**DATA SEGMENT:**

───

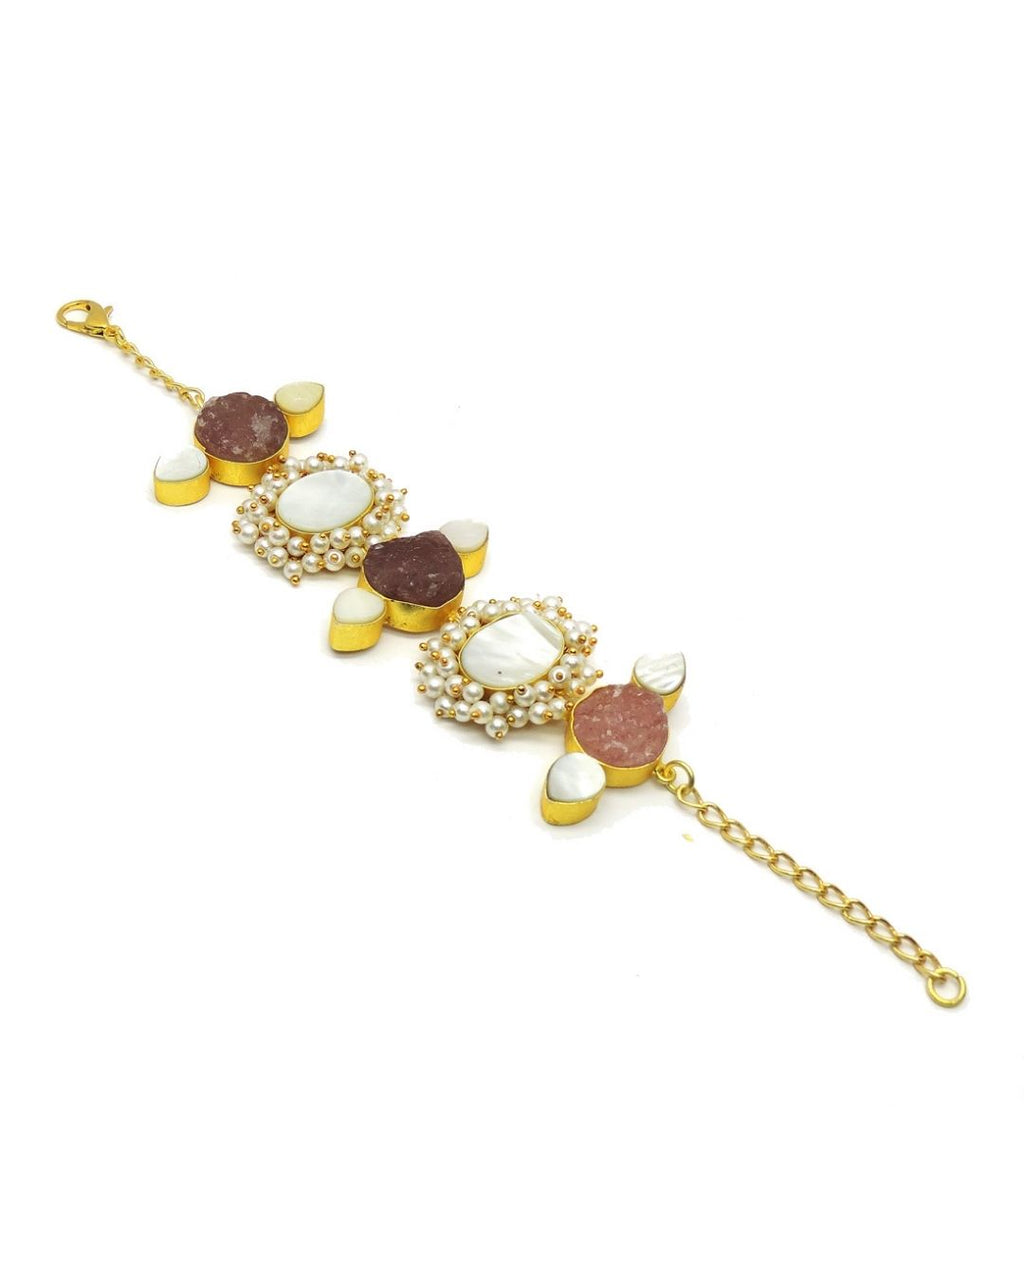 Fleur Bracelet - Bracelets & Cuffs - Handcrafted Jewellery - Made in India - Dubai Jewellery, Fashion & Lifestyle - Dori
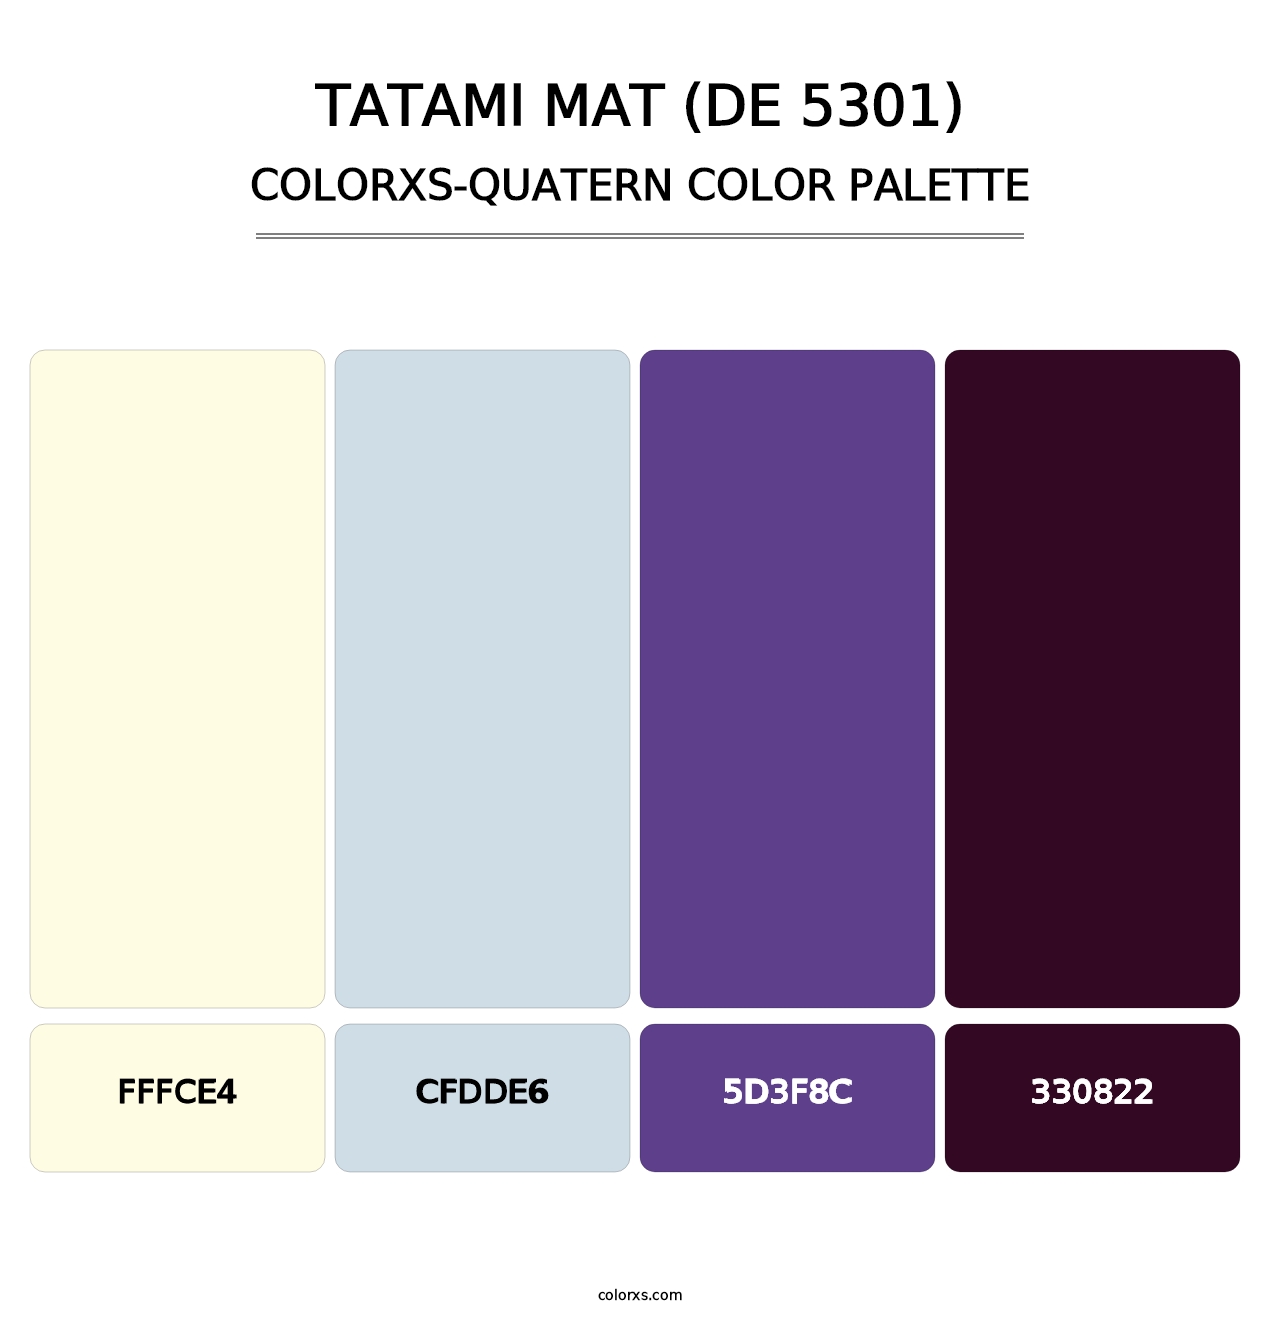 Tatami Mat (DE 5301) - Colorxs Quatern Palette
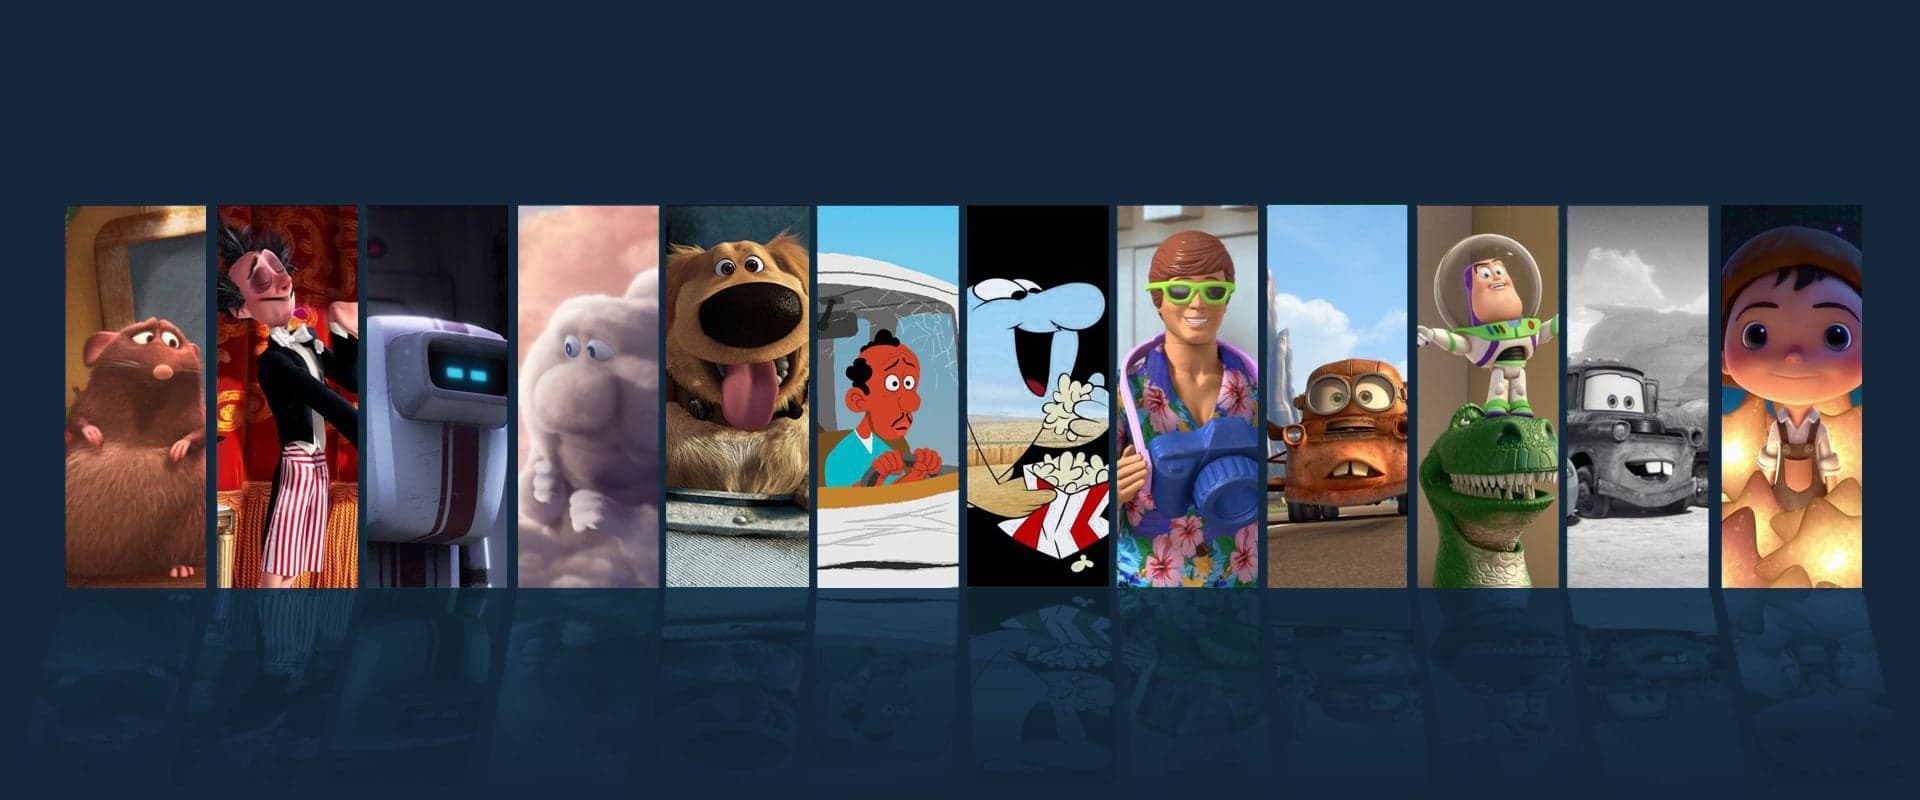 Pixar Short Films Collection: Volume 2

───

**EXERCISE BRIEF:** Excluding all images, transcribe the material word for word.

**SOLUTION:**
 Fleur Bracelet - Bracelets & Cuffs - Handcrafted Jewellery - Made in India - Dubai Jewellery, Fashion & Lifestyle - Dori
 Tatami Mat (DE 5301) - Colorxs Quatern Palette
 Pixar Short Films Collection: Volume 2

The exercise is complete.